Настя Станко, Александр Назаров, Илья Безкровайный.

Проводник «Правого сектора» Дмитрий Ярош рассказал в интервью «ГРОМАДСЬКОМУ» о событиях в Мукачево, задержанном в РФ Николае Карпюке, своем отношении к СБУ и ее главе Василии Грицаке, Референдуме и отношениях внутри организации. Ярош отметил, что Василий Грицак с Майдана пытался помочь советом. Он отметил, что сотрудничает с СБУ, подчеркнув, что если бы побольше было таких офицеров, как Грицак, Мукачево и подобных ситуаций может и не было бы.

Журналисты общались с Ярошем в киевском штабе «Правого сектора».

— Николай Карпюк был Вашим заместителем, правой рукой во время Майдана. 15 сентября уже назначили в Грозном в Верховном суде в Чечне предварительное судебное слушание по нему. С тех пор как он исчез с территории Украины, его никто не видел. Вы знаете что-то о Николае Карпюка и как вы пытались вытащить его из России?

— Пытались и пытаемся по сегодняшний день, но наши возможности на территории России достаточно ограничены по понятным причинам. К большому сожалению, Николай принял такое решение, он оказался на той территории, хотя это было вопреки и моего решения, и решения тех людей, которые присутствовали там за день до его отъезда. Хорошо проработанная ФСБшная операция, я бы сказал. Потому что тогда стоял вопрос референдума Крымского, соответственно поступили определенные предложения через человека, приближенного к Николаю о том, что он может приехать, поговорить и, возможно, тот референдум каким-то образом был бы отменен.

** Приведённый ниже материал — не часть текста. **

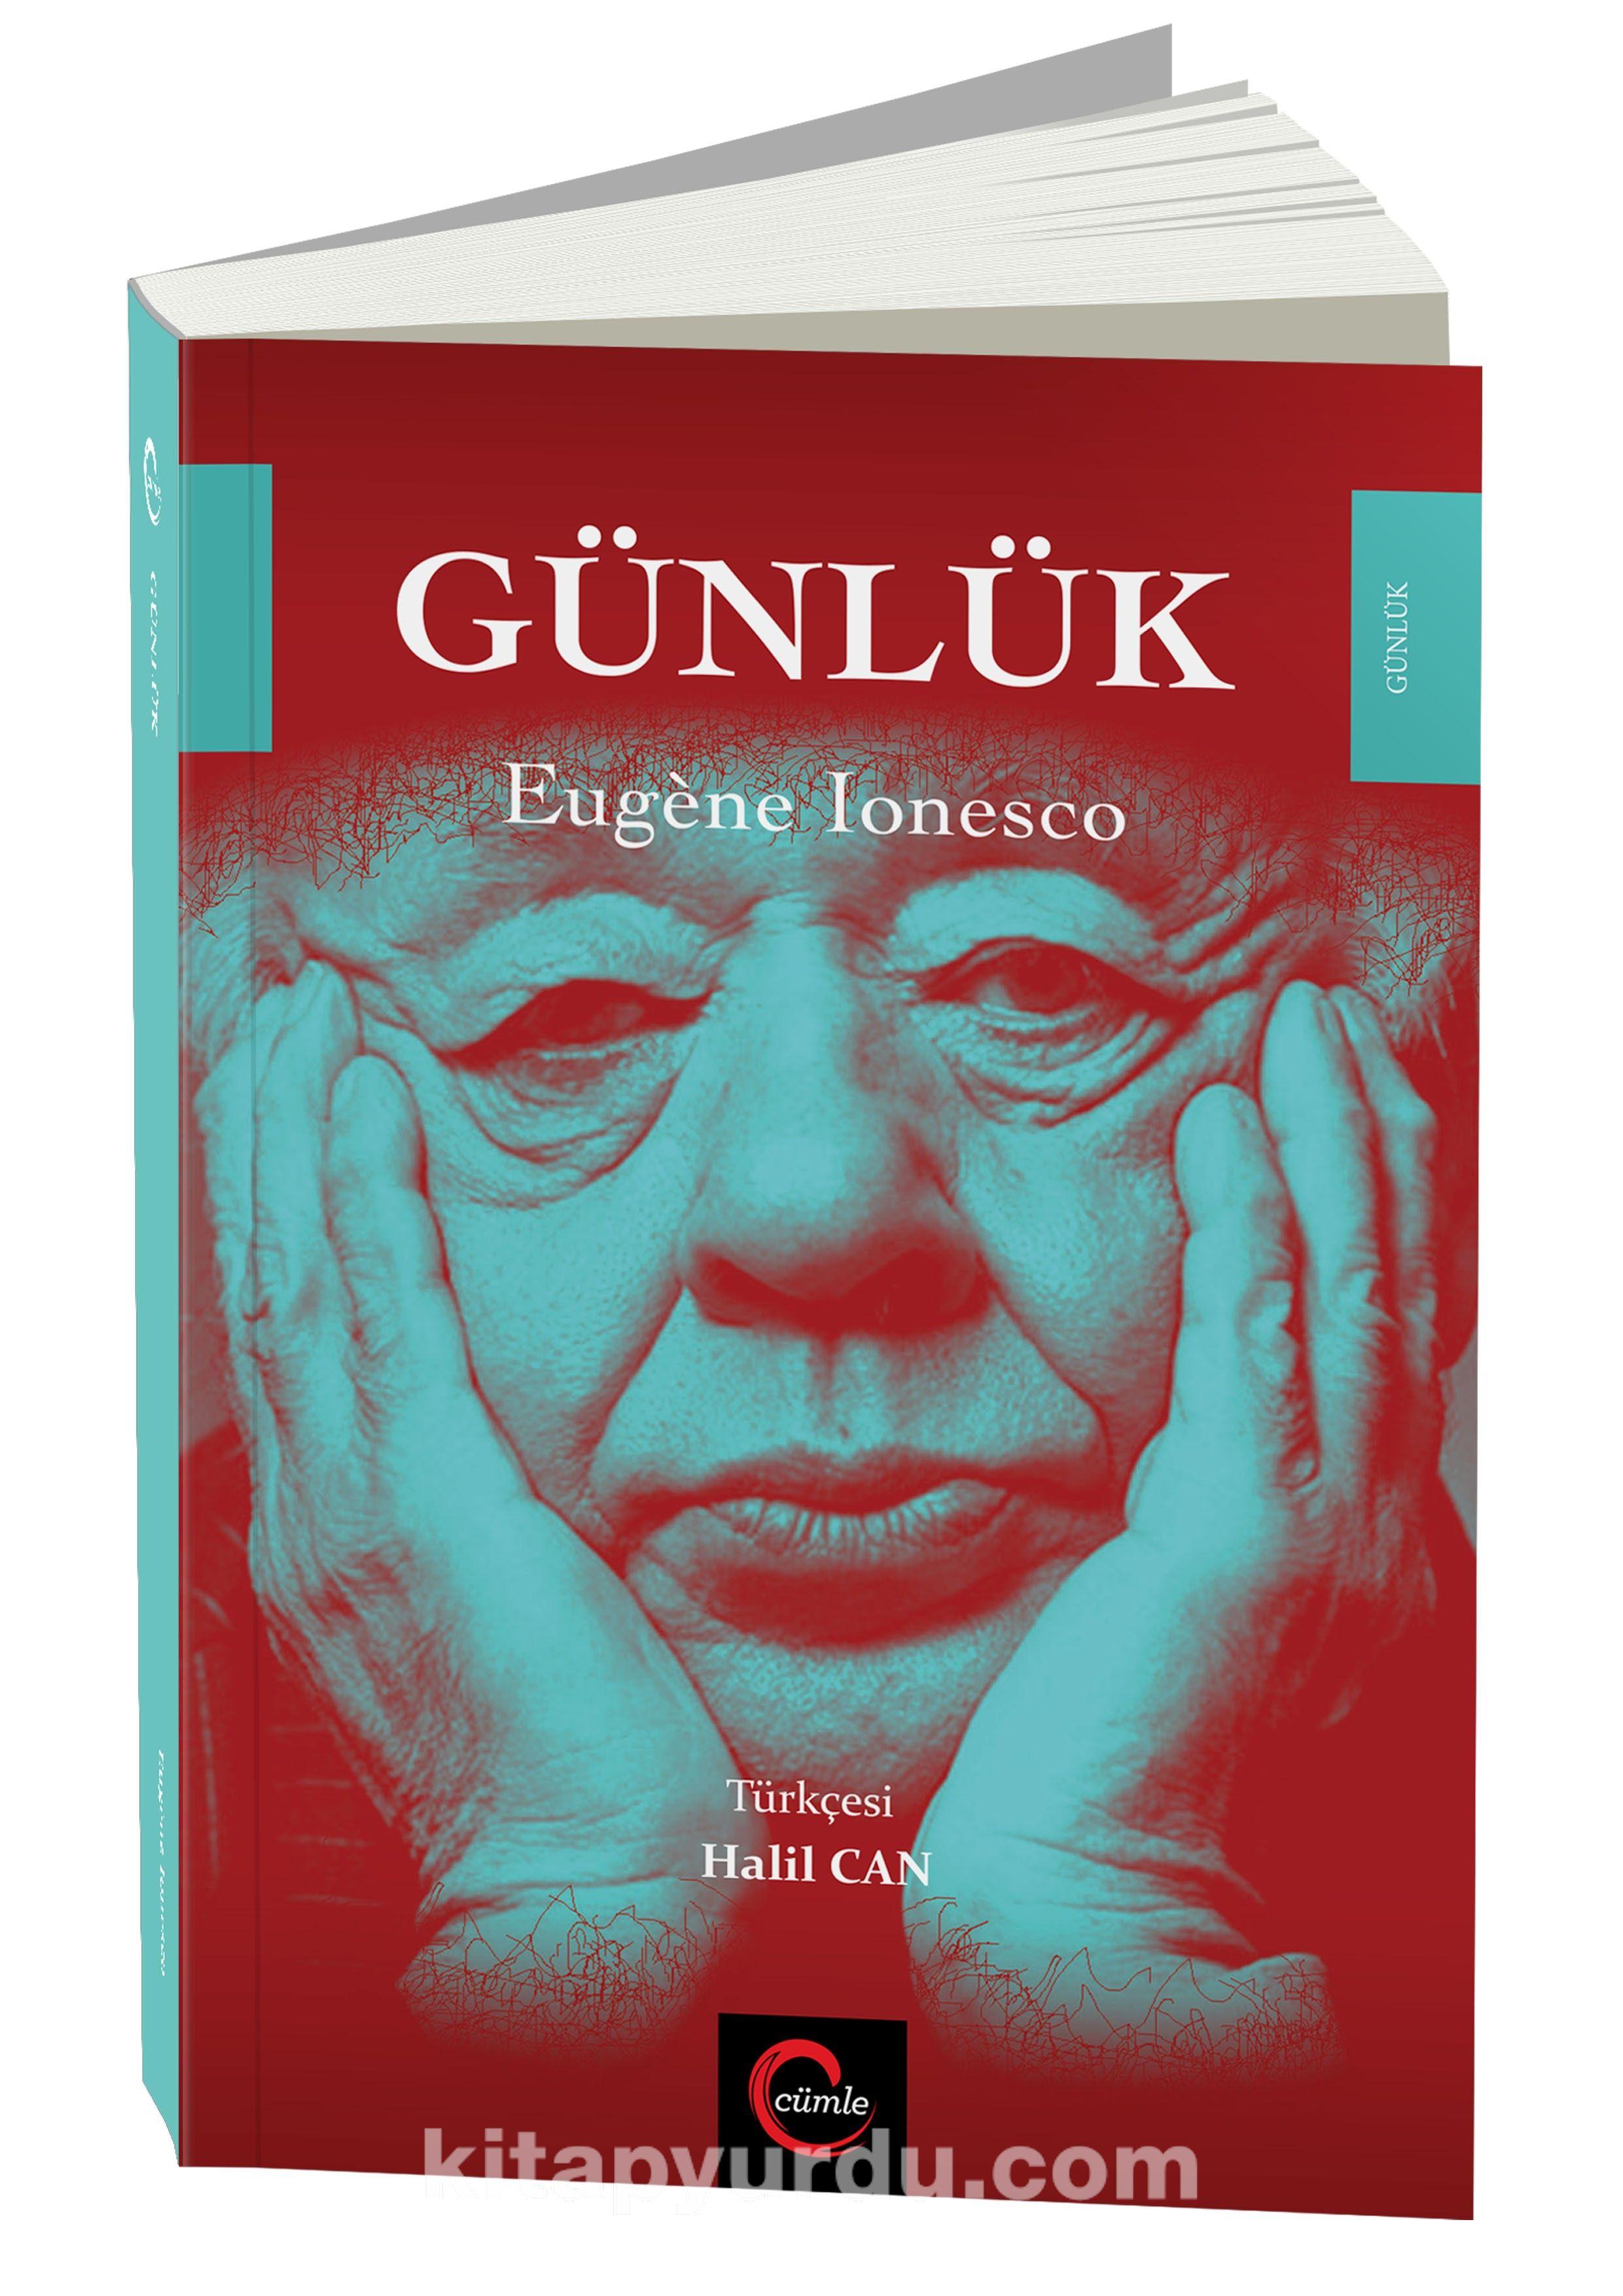 Günlük - Eugene Ionesco pdf epub

— Это о Вячеславе Фурса? О его куме? Он руководил киевской организацией «Правого сектора»?

— Именно так. К тому времени. Было много и случайных разных людей, потому что мы на Майдане родились. Очень трудно было профильтровать весь личный состав который у нас был. Николай поддался на это, и меня здесь очень сильно удивляет, потому что за день до этого у нас был разговор, и не только я был на нем присутствующим, а так же и члены Провода присутствовали. Мы говорили с ними. Он говорил, что поступило такое предложение, был и Фурса, чтобы приехать и сорвать этот референдум за счет каких-то определенных дипломатических отношений.

— С кем должен был быть разговор с российской стороны? Говорили, что речь шла о советниках Путина.

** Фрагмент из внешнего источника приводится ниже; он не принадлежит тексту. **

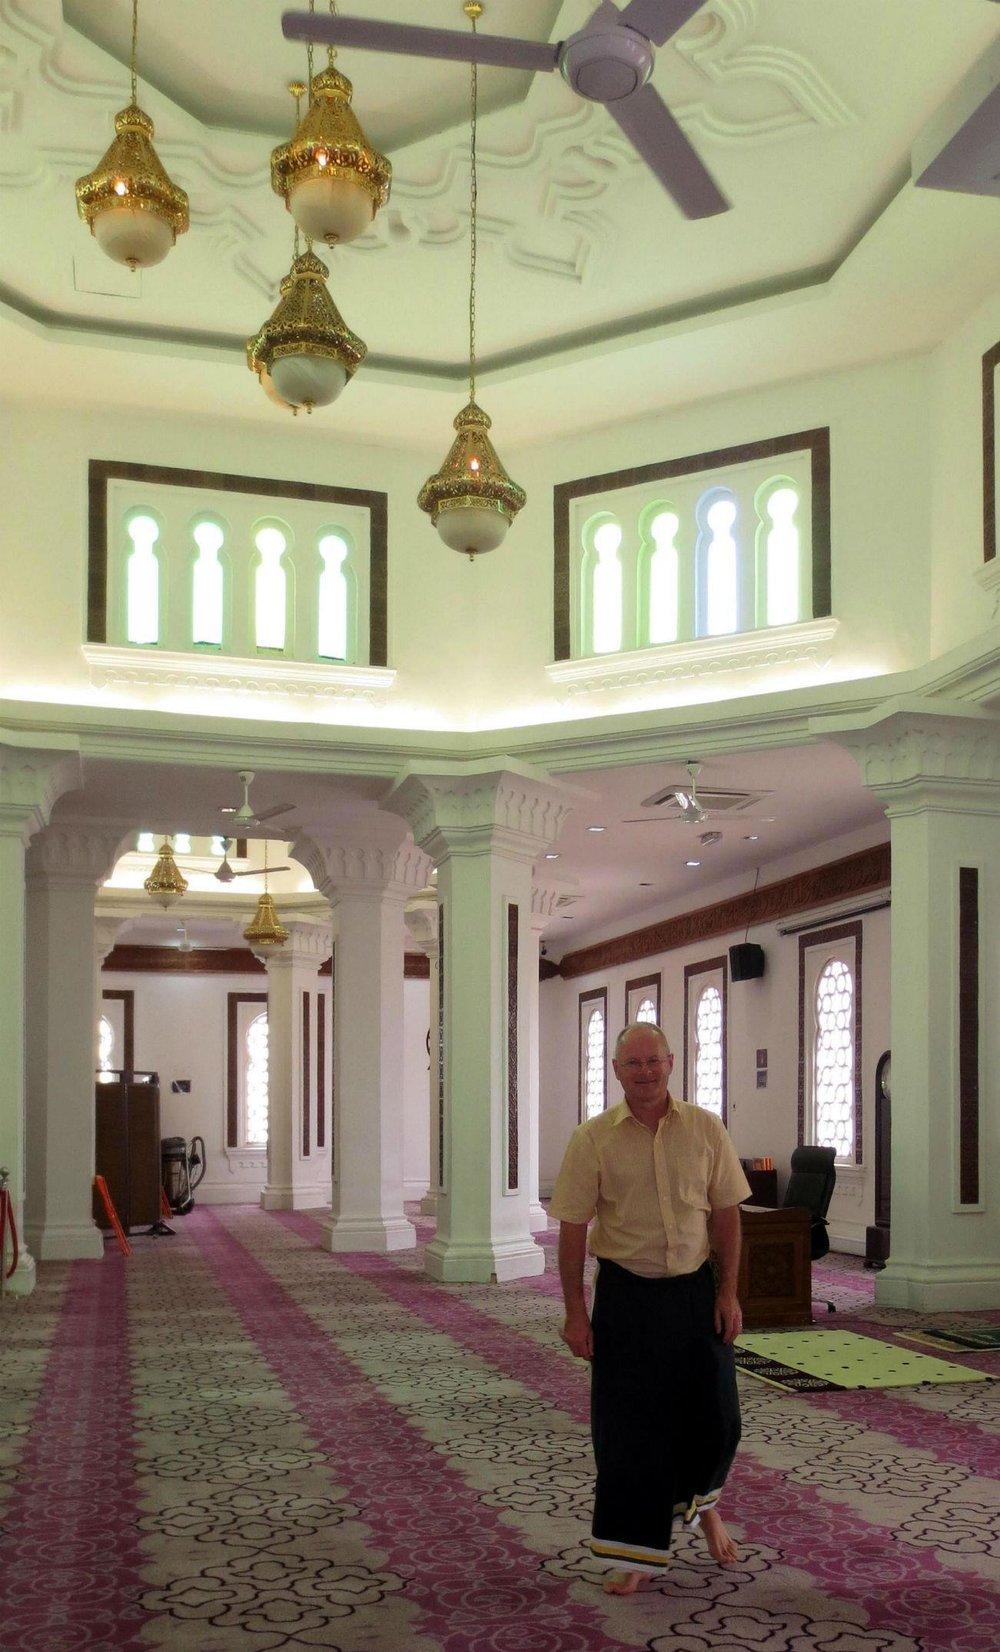 Masjid Jamek Mosque in Kuala Lumpur Central

— Речь шла об очень больших уровнях, фамилии, честно говоря, я не помню, они вообще звучали — возможно нет. Но он поступил, как государственник, практически, как националист в данной ситуации. Но он очень плохо поступил, вопреки нашей воле. А мы его предупреждали — нельзя этого делать в принципе, потому что может быть разработка, его задержат и все остальное. Так и произошло. Фурса его повез через границу, на границе он был задержан. Фурса затем вернулся в Украину вместе со своим водителем, а Николая оставили там. И я понимаю, почему. Николай — очень мощная политическая фигура для «Правого сектора» был, и выбить ключевое звено было очень важно. Расчет ФСБшников был абсолютно правильный.

— Вы все были против на этой встрече, где было 11 человек на даче в Артеменко, если не ошибаюсь?

— Нет, это было в Золочеве. Мы там говорили и это Фурса озвучил предложения. Николай при встрече с нами сказал, что я не еду, и так далее. На следующий день я ему звоню, потому что мы договорились, что встретимся, а он уже был там — в России.

— Насколько я знаю, Фурсу и водителя помогал возвращать Медведчук. Об этом договаривались члены «Правого сектора»?

— Мы договаривались со всеми, в первую очередь по Николаю. Договаривались и с СБУшными генералами, пытались что-то сделать. Или Медведчук возвращал? Я сомневаюсь. В этом конкретном случае я информации не имею, потому что он очень быстро приехал по времени, я там не ориентируюсь. Но он довольно быстро вернулся в Украину, не было каких-то прецедентов. Он приехал, доложил, сказал, что Николай так же должен вернуться, потому что есть какие-то определенные договоренности. Но этого так и не произошло.

— Что было сделано Вами и «Правым сектором» после этого, чтобы его вернуть?

— Мы подключали все возможные контакты. Мы подключали в Украине людей, которые должны иметь там хотя бы связи.

— Я слышала, даже говорили с Патриархом Кириллом?

— Нет такой информации. Во всяком случае, ни я, ни Андрей Стемпицкий на следующие уровни не выходили. Возможно опосредованно кто-то выходил, но у нас контактов не было.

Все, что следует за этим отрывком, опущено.